* _Task objective_: From the line containing "Les coureurs en" to the line containing "Images de voyage" in the records below, set down every line exactly as it stands, both ends included, and skip the pictures.

** Listed entries follows **

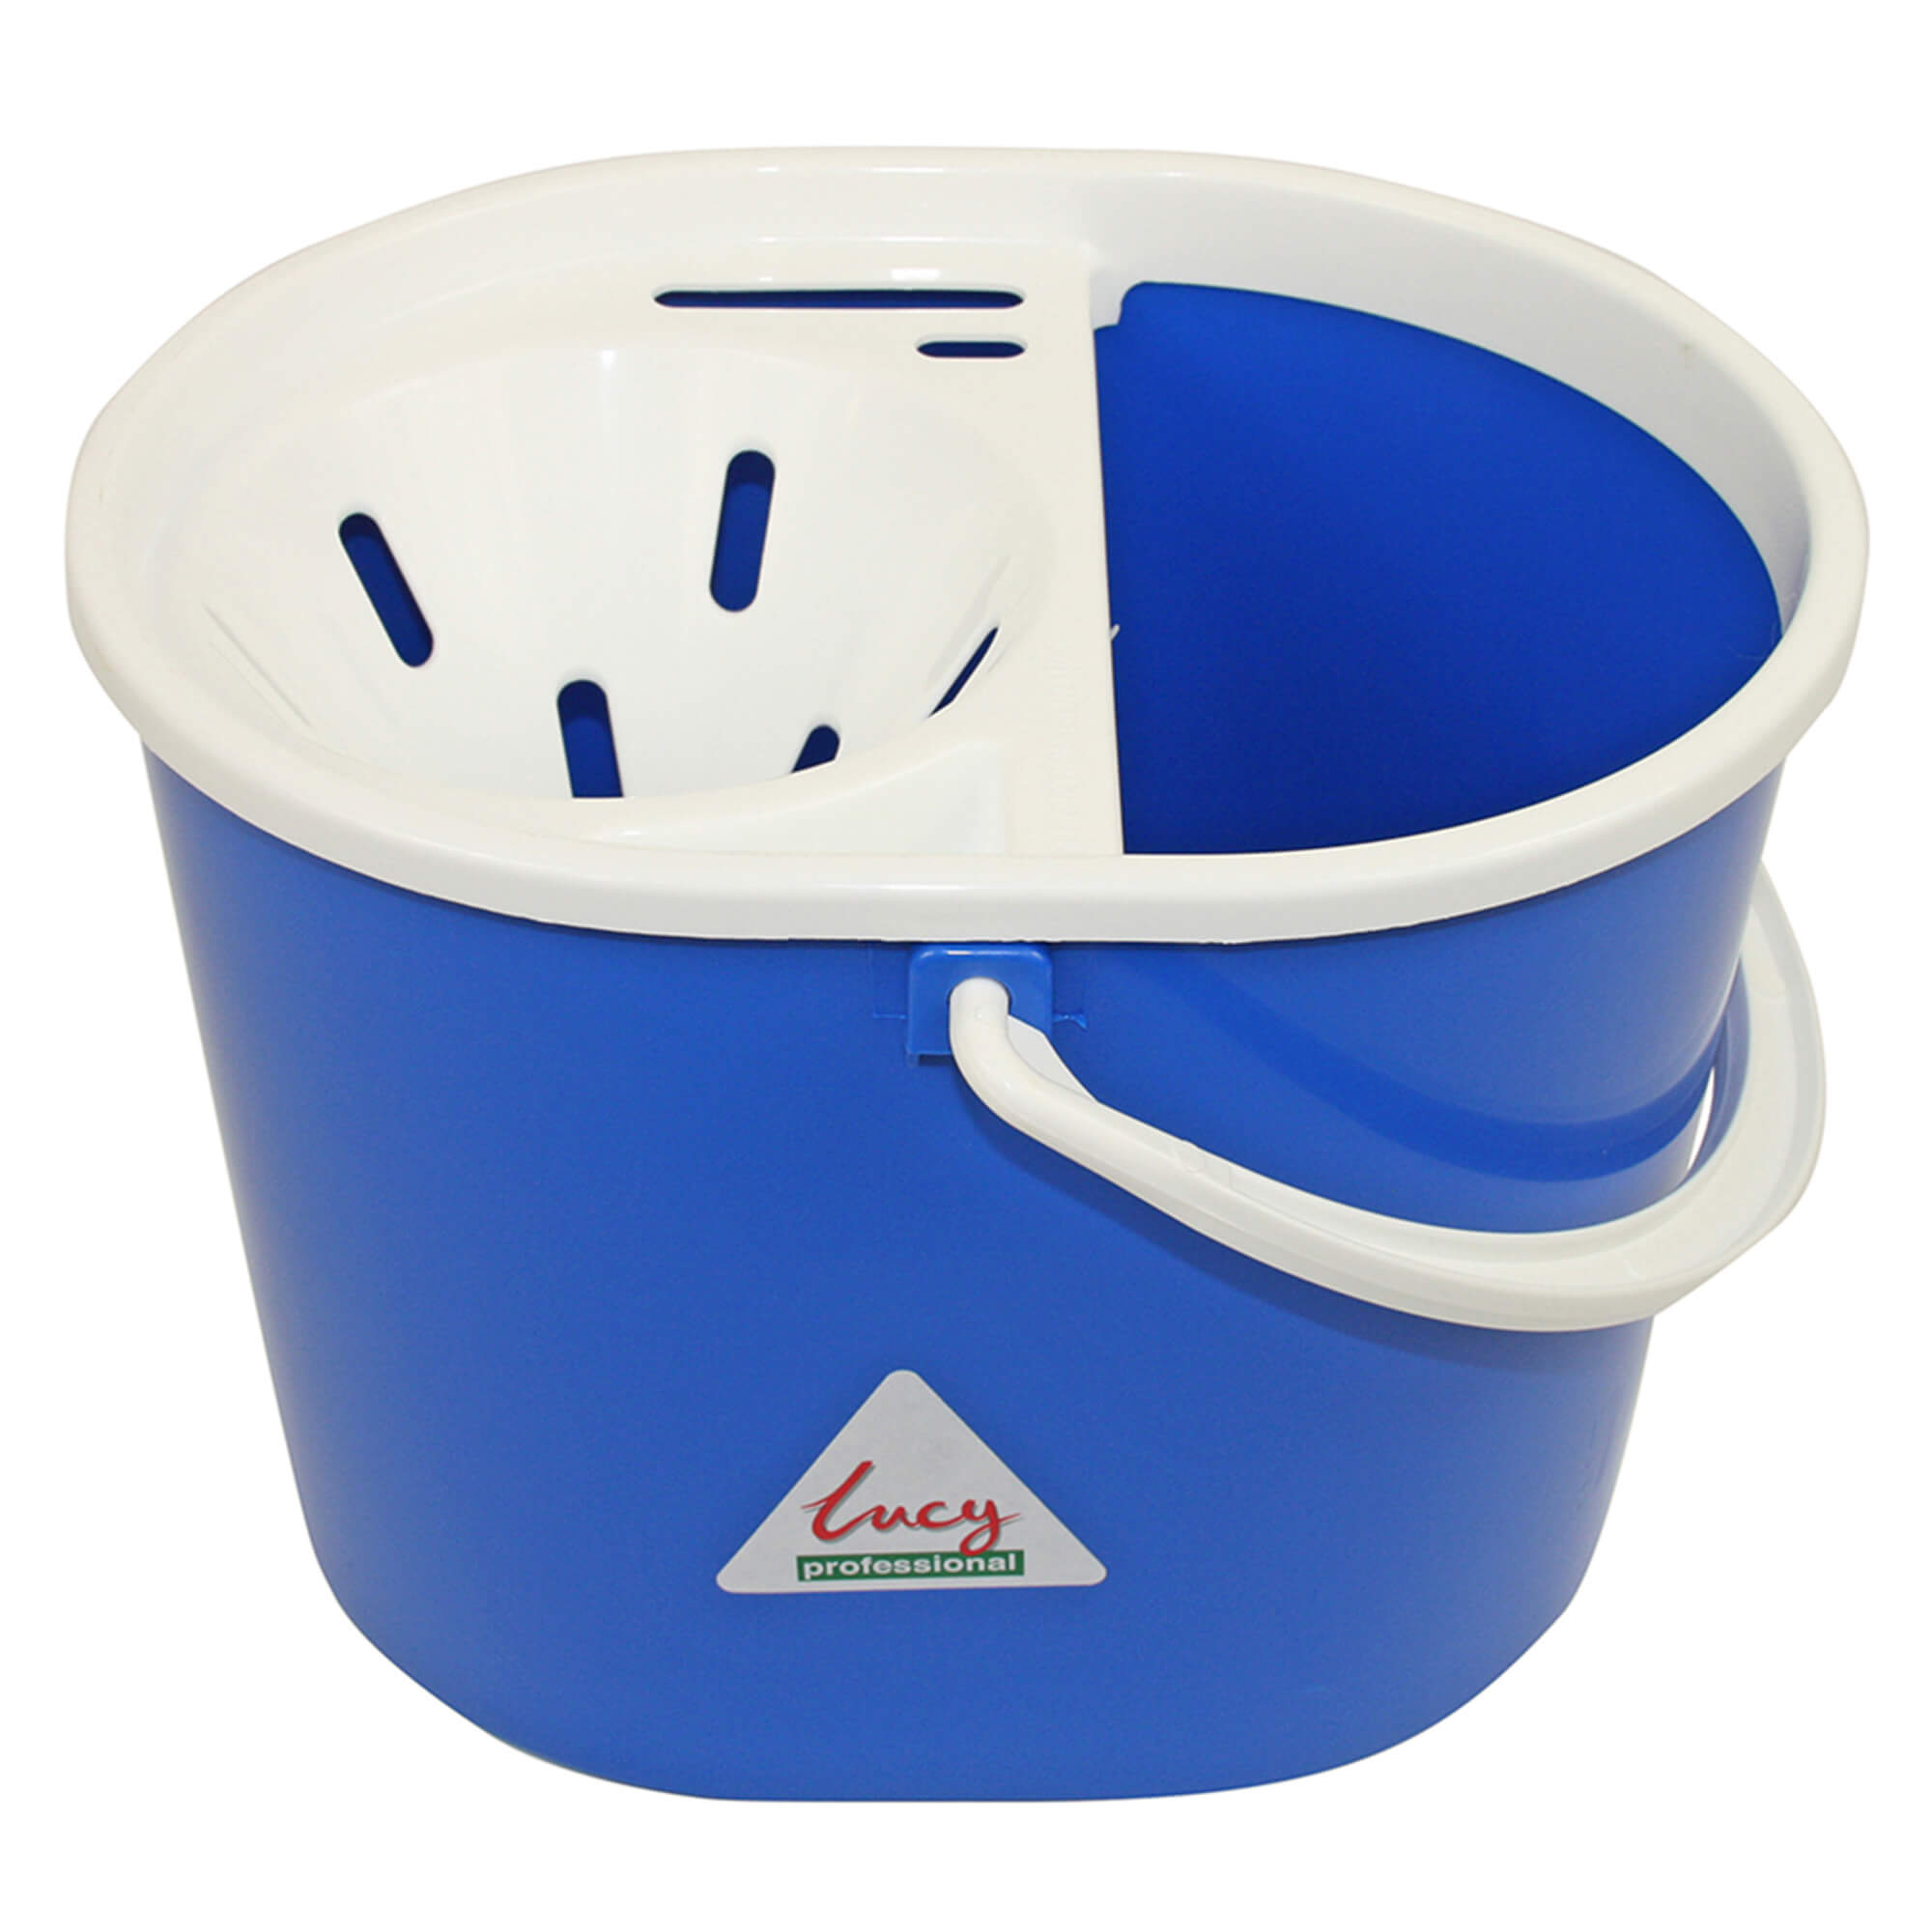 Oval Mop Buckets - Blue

** End of Listed entries **
** Listed entries follows **

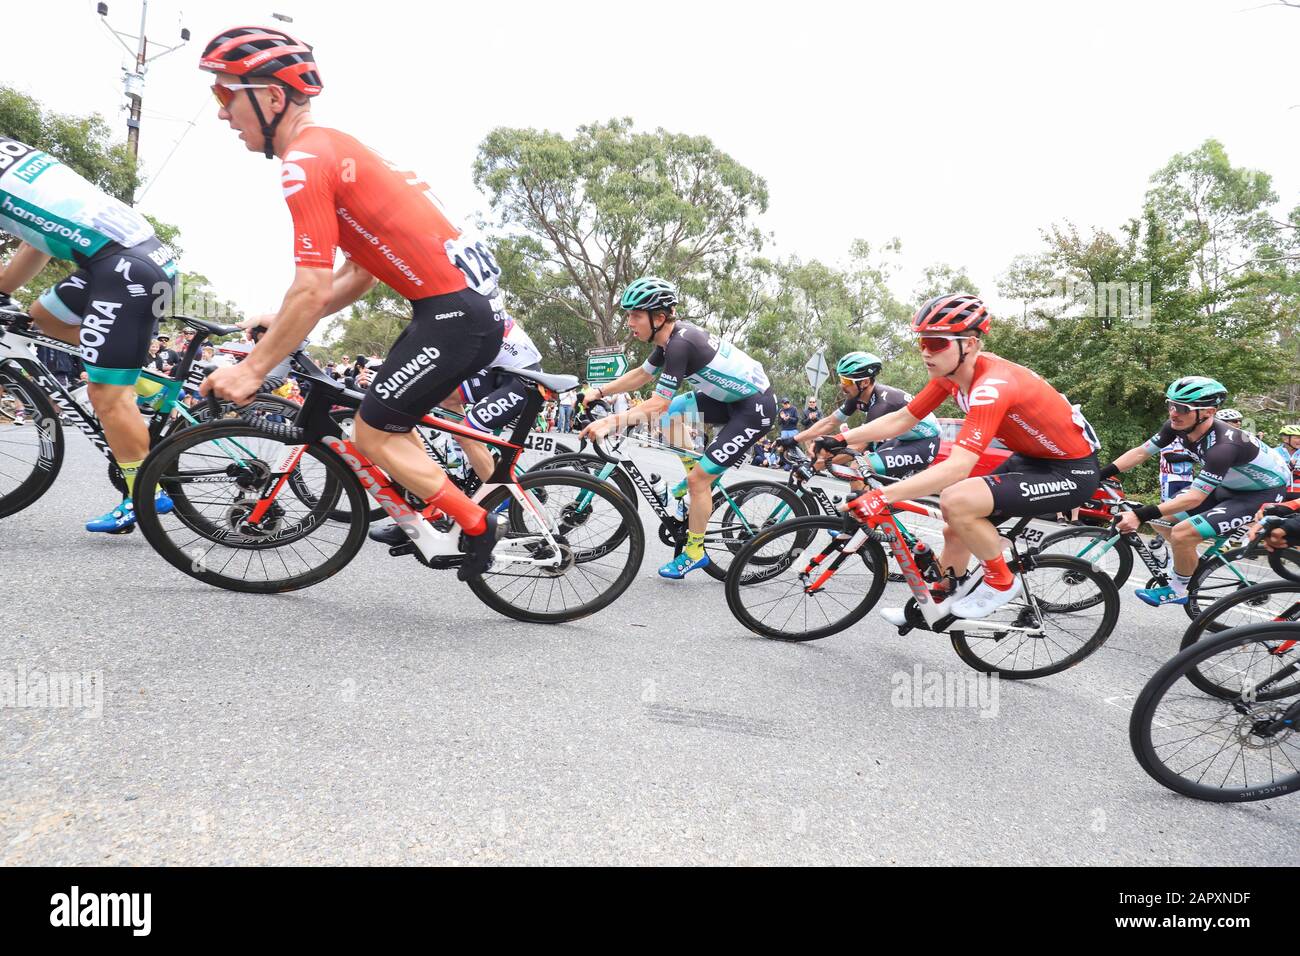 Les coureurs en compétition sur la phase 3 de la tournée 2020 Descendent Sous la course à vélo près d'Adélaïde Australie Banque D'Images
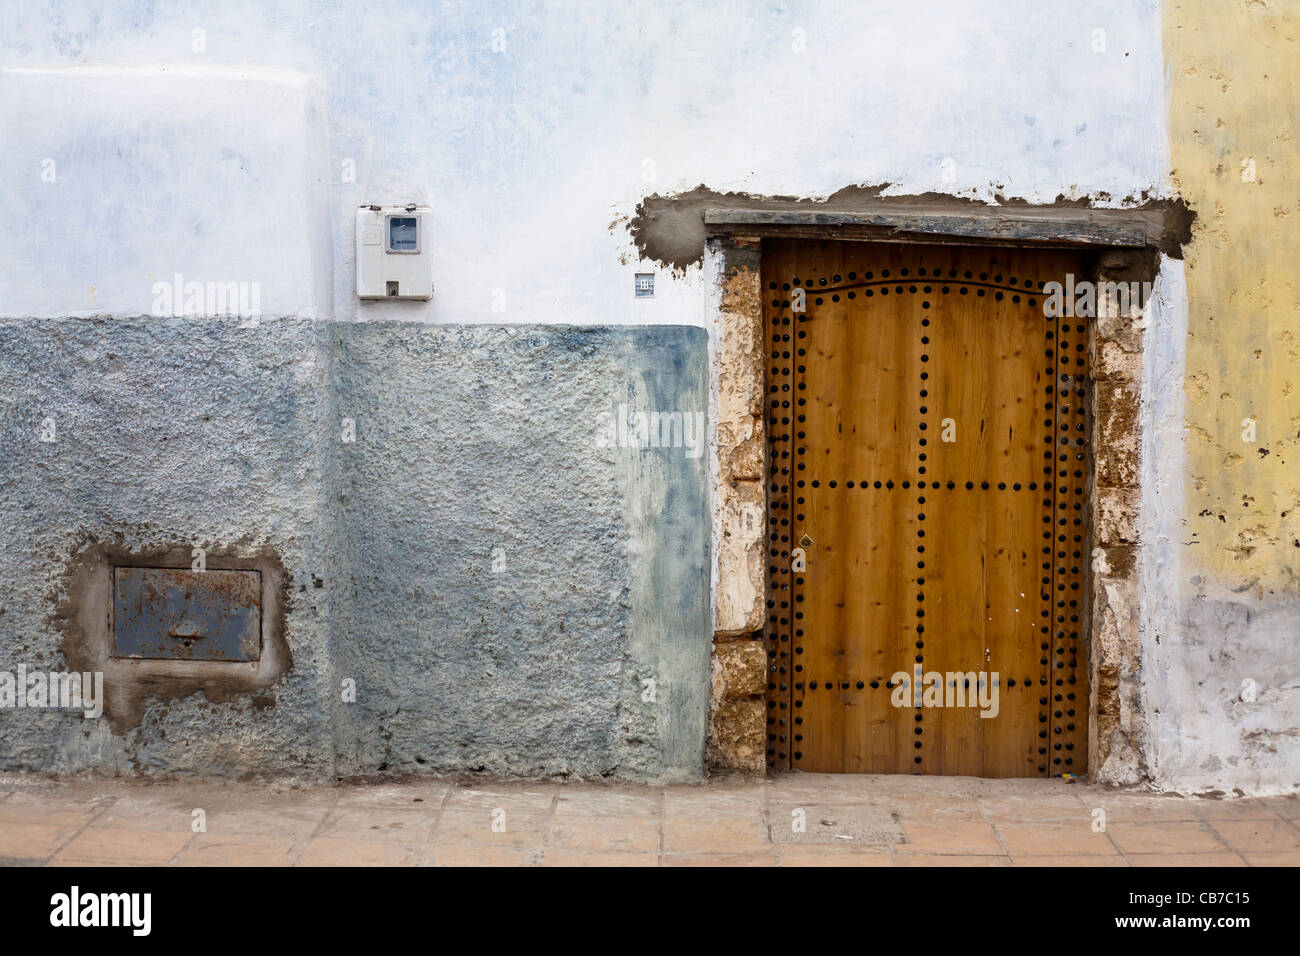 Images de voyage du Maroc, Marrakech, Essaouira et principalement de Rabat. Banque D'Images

** End of Listed entries **

* _Solved problem_:
 Les coureurs en compétition sur la phase 3 de la tournée 2020 Descendent Sous la course à vélo près d'Adélaïde Australie Banque D'Images
 Images de voyage du Maroc, Marrakech, Essaouira et principalement de Rabat. Banque D'Images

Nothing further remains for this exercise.